Without the images, reproduce each line of the material exactly.
Segment Start: DATA SHOWN
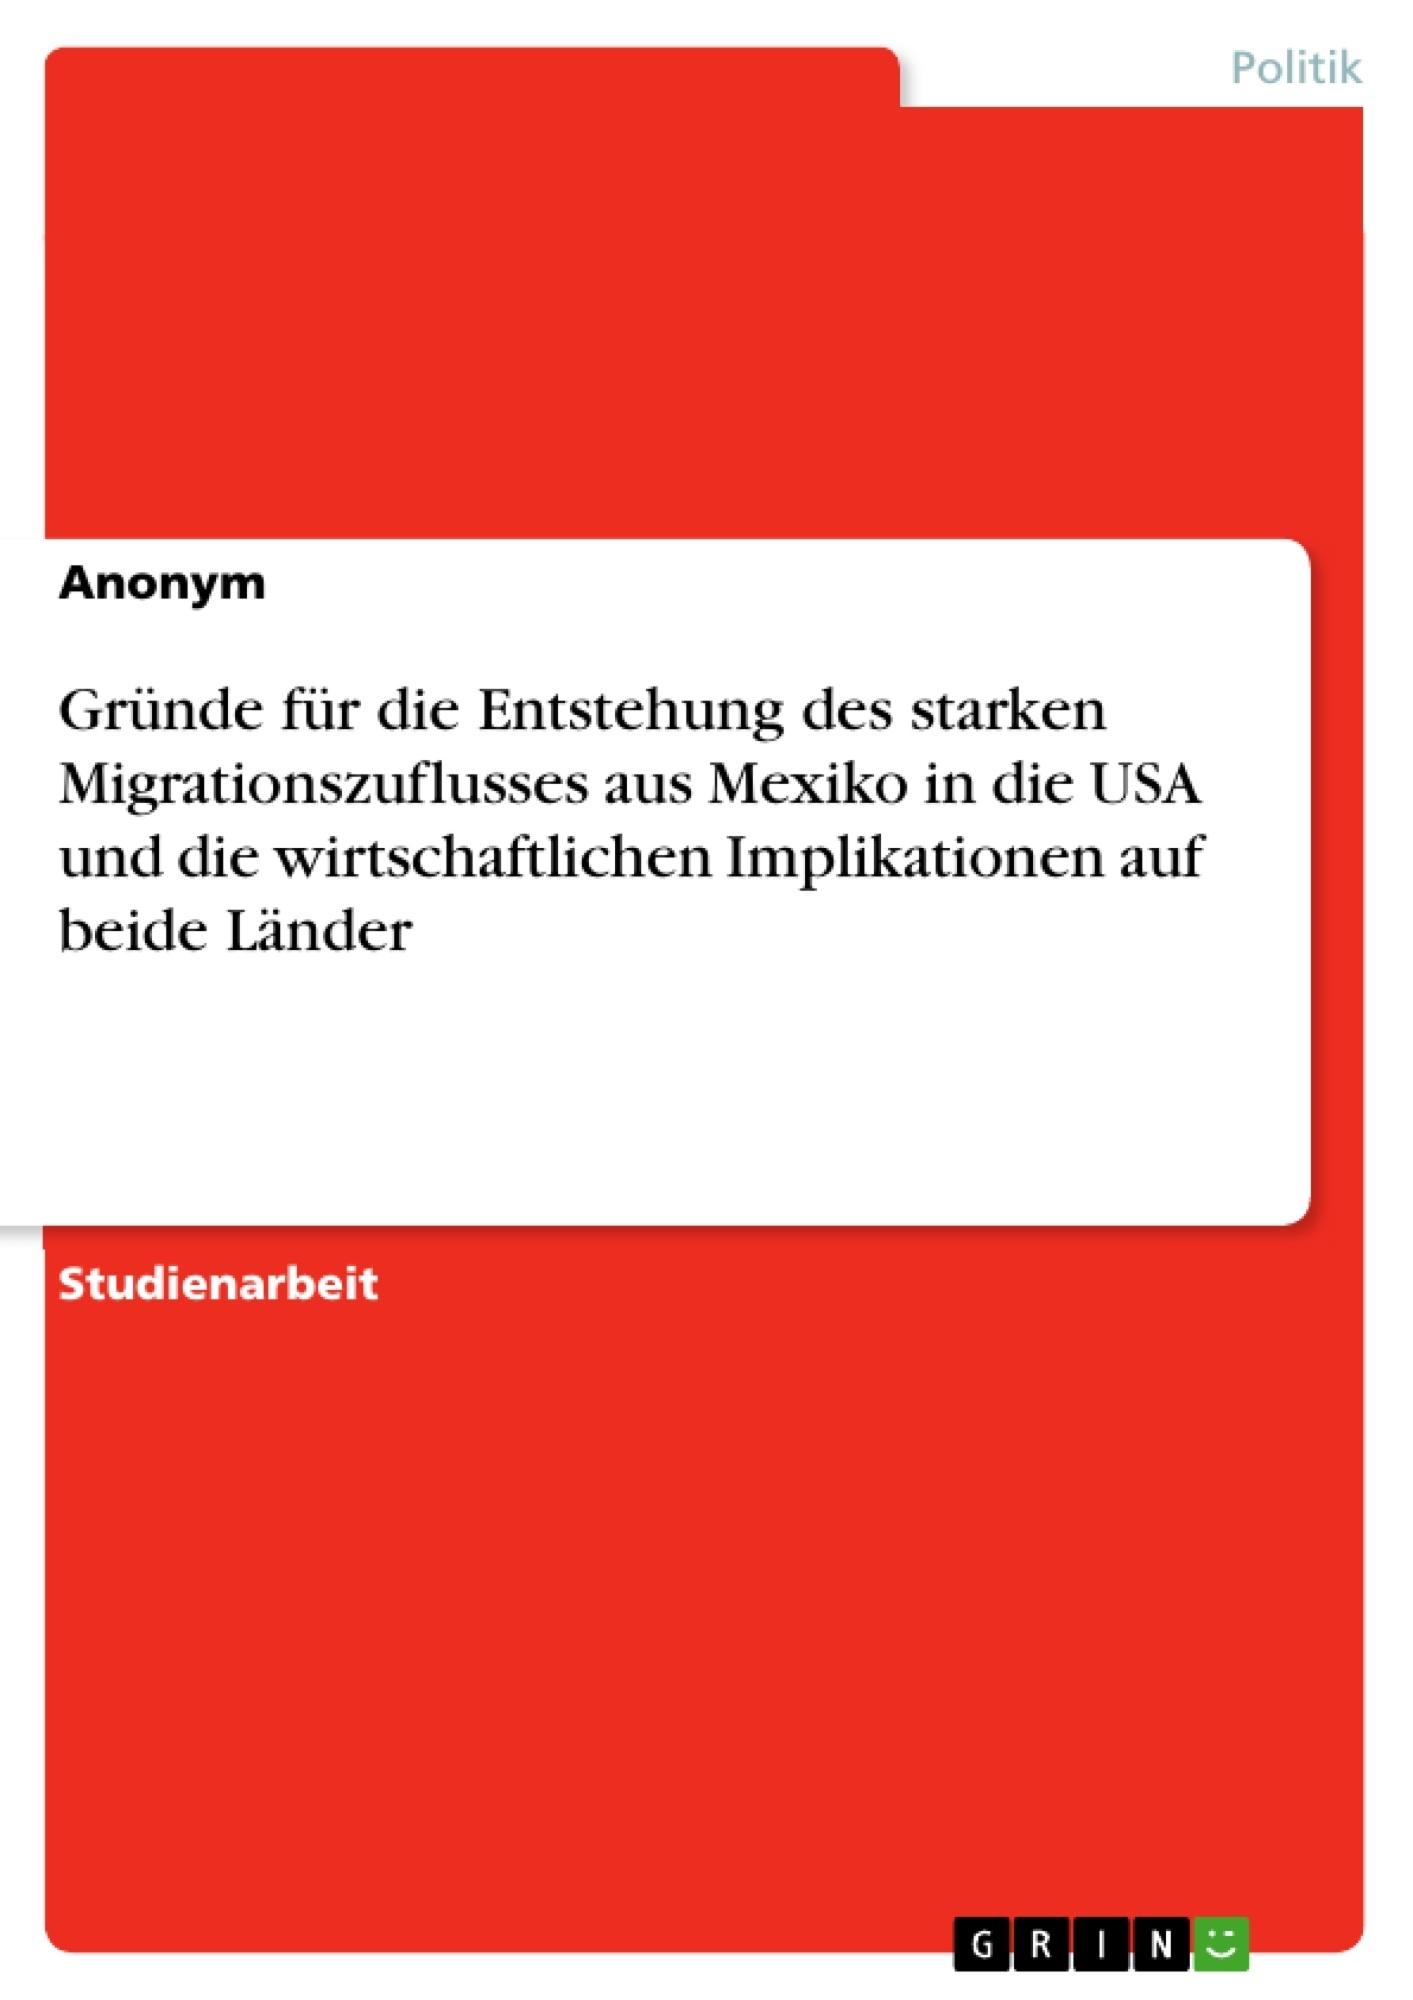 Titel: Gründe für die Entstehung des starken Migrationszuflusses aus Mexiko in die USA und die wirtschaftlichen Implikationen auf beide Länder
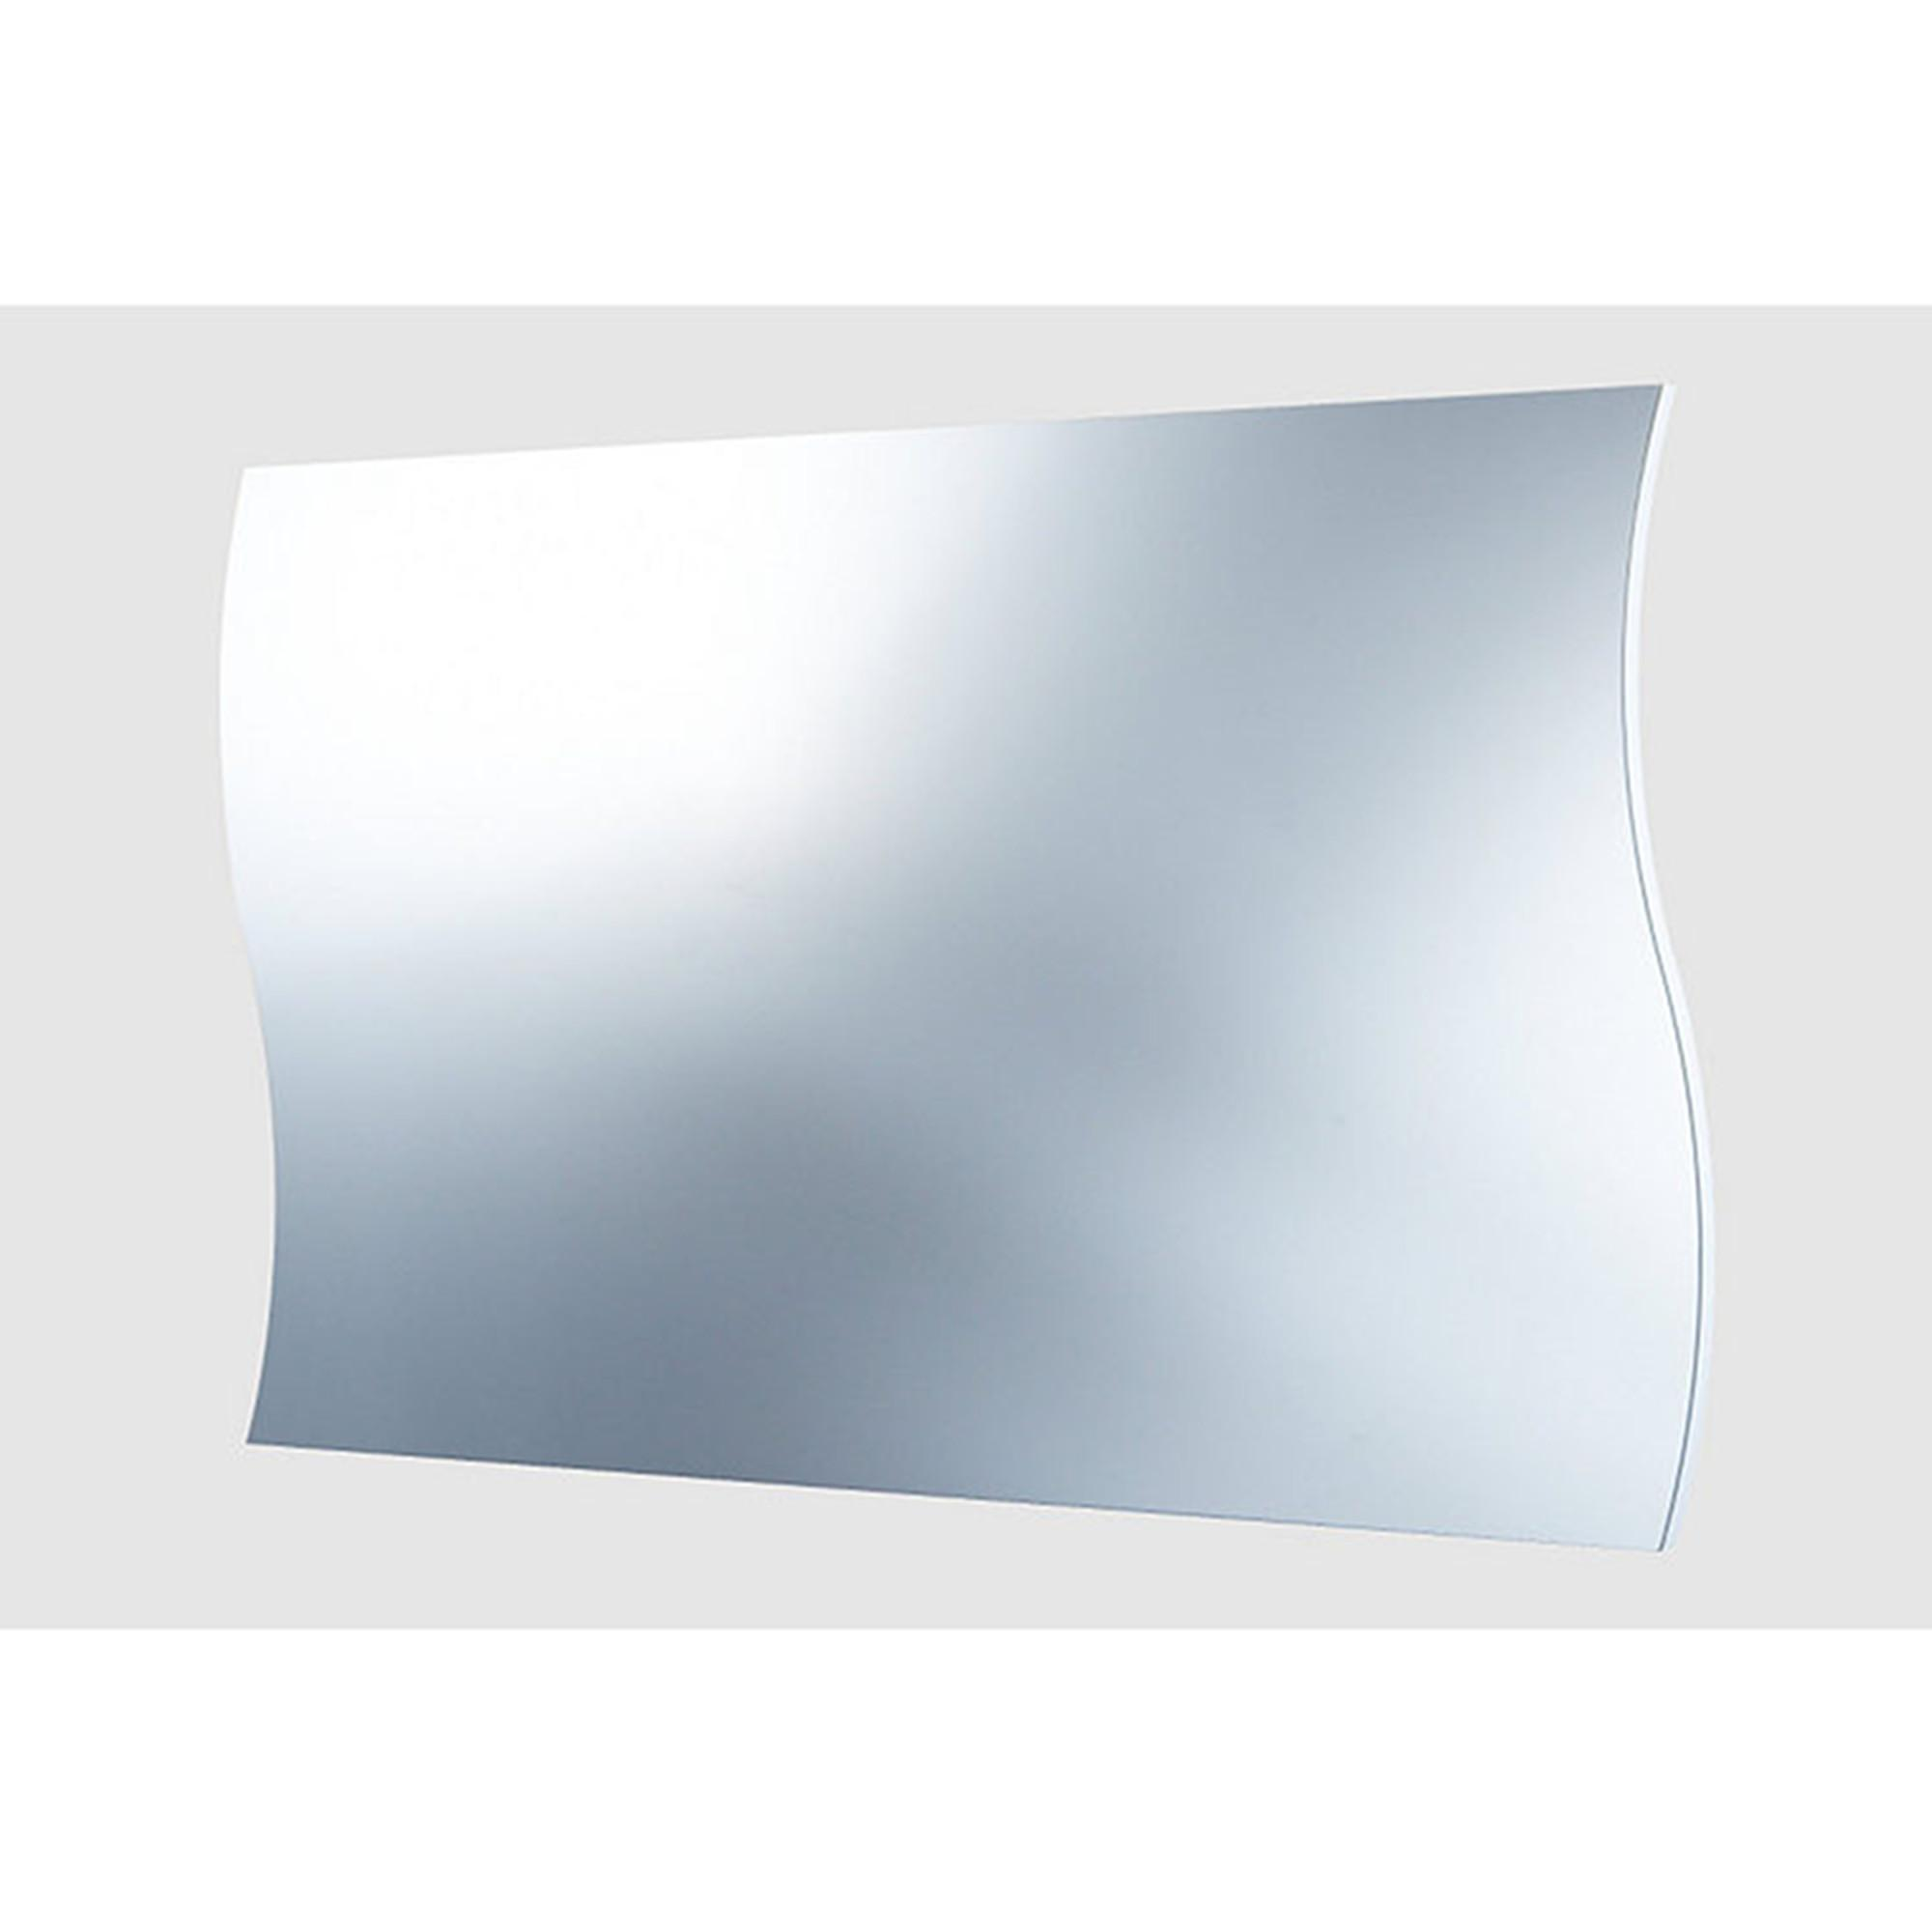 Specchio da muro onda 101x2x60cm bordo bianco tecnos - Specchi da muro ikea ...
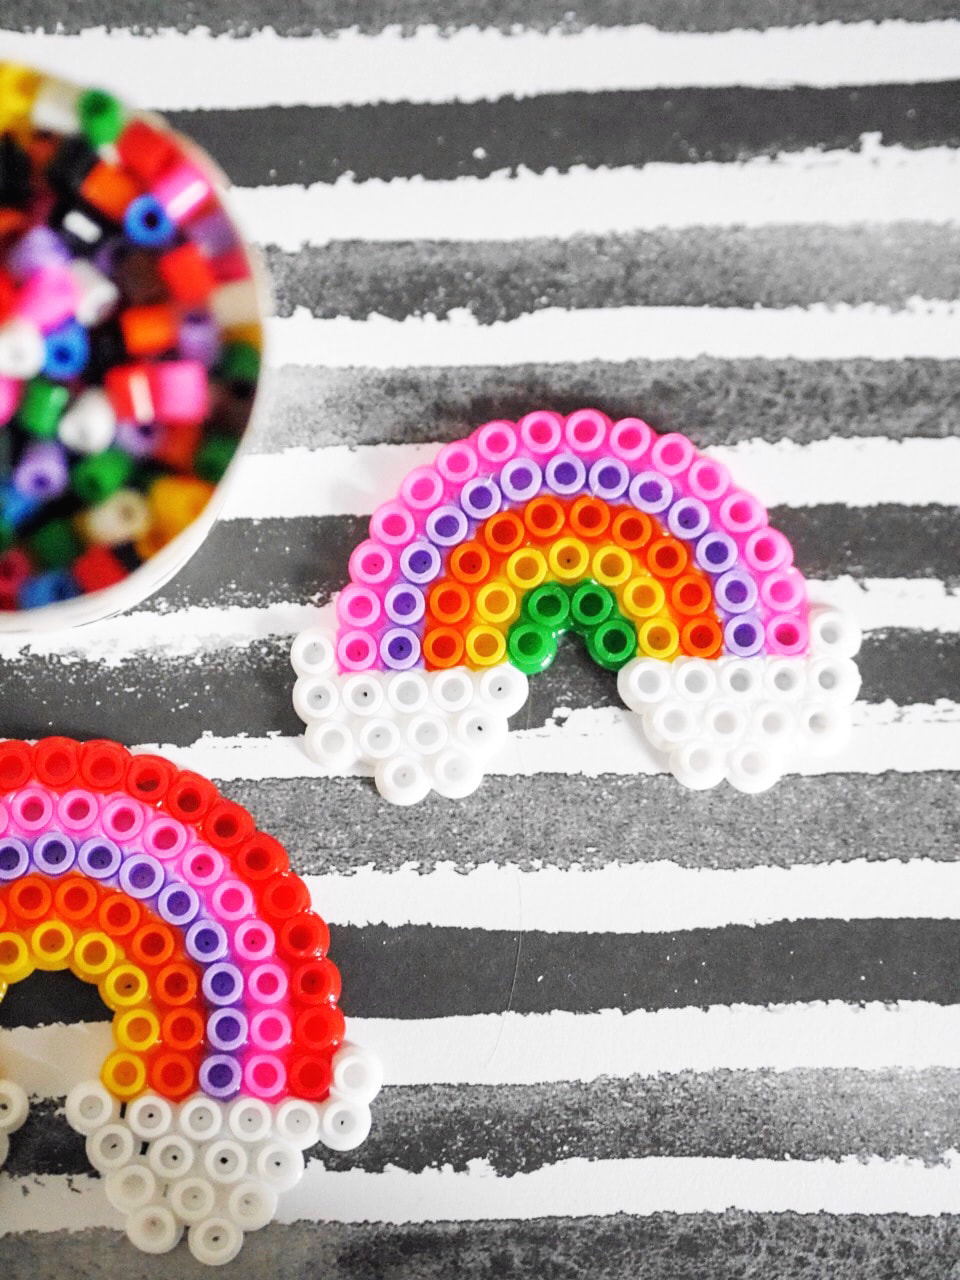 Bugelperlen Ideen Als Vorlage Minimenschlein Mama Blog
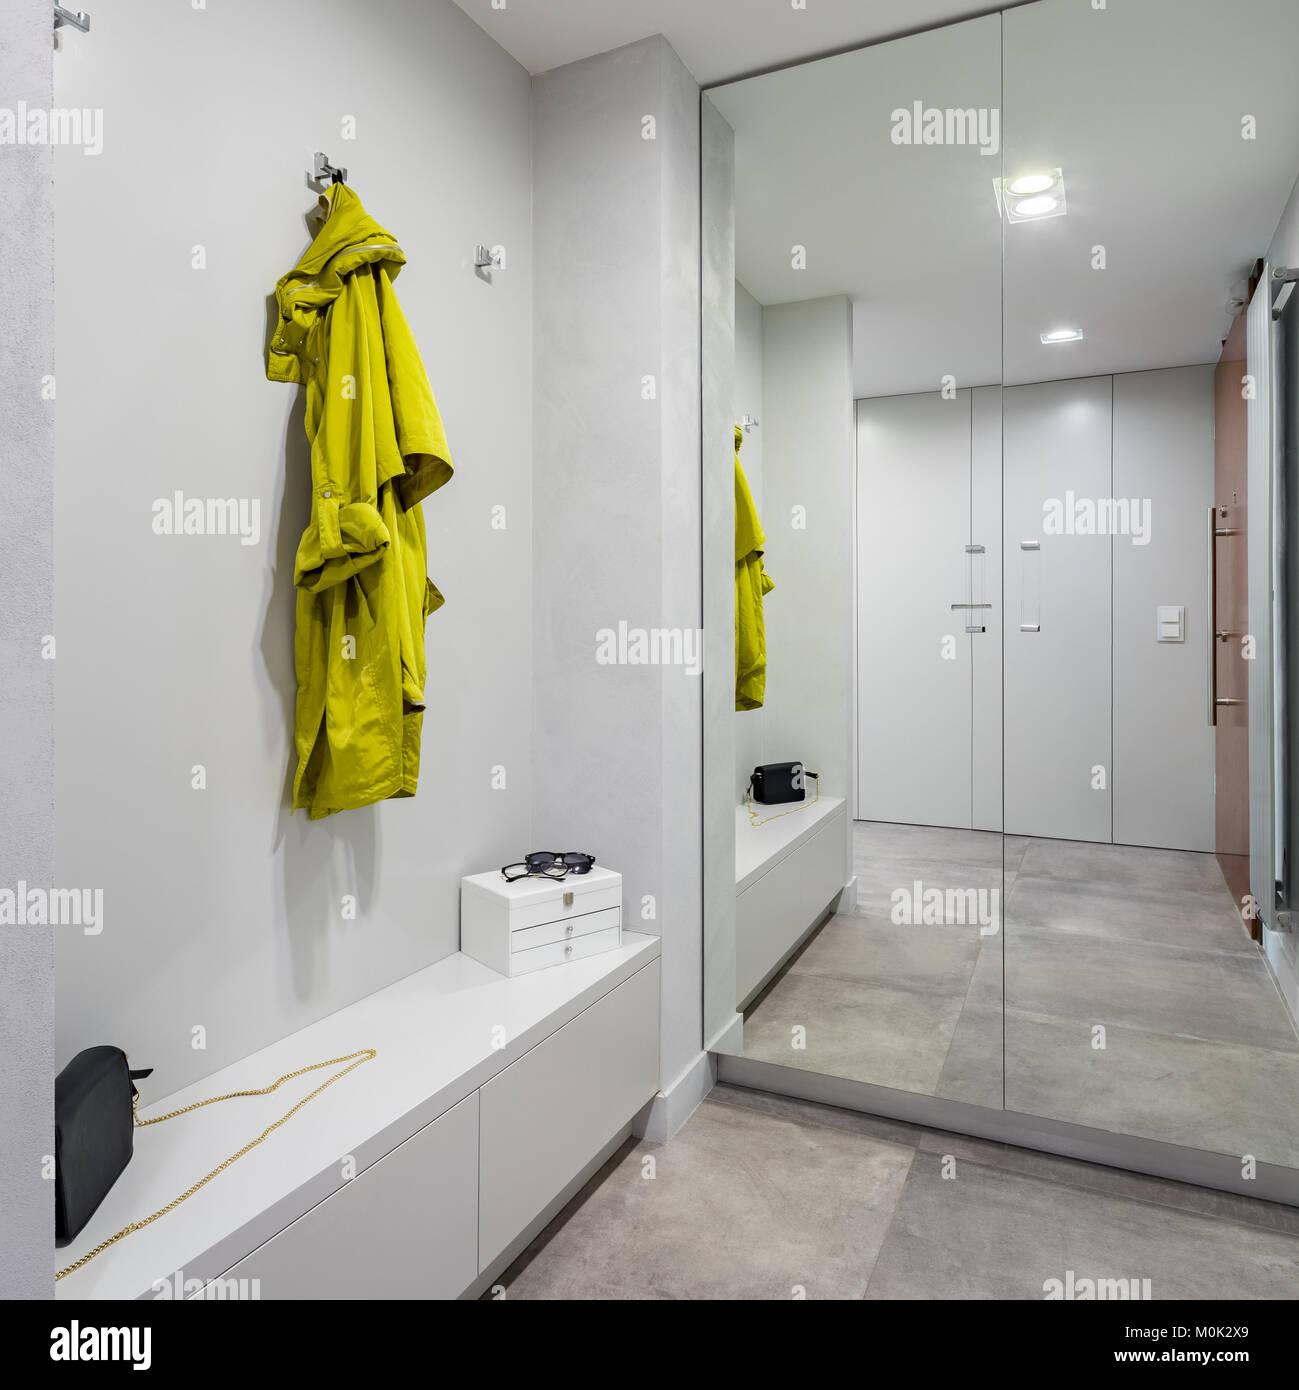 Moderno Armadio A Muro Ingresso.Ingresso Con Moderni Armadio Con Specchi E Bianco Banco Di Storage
Segment End: DATA SHOWN
■ **REPLY**
 Titel: Gründe für die Entstehung des starken Migrationszuflusses aus Mexiko in die USA und die wirtschaftlichen Implikationen auf beide Länder
 Specchio da muro onda 101x2x60cm bordo bianco tecnos - Specchi da muro ikea ...
 Bugelperlen Ideen Als Vorlage Minimenschlein Mama Blog
 Moderno Armadio A Muro Ingresso.Ingresso Con Moderni Armadio Con Specchi E Bianco Banco Di Storage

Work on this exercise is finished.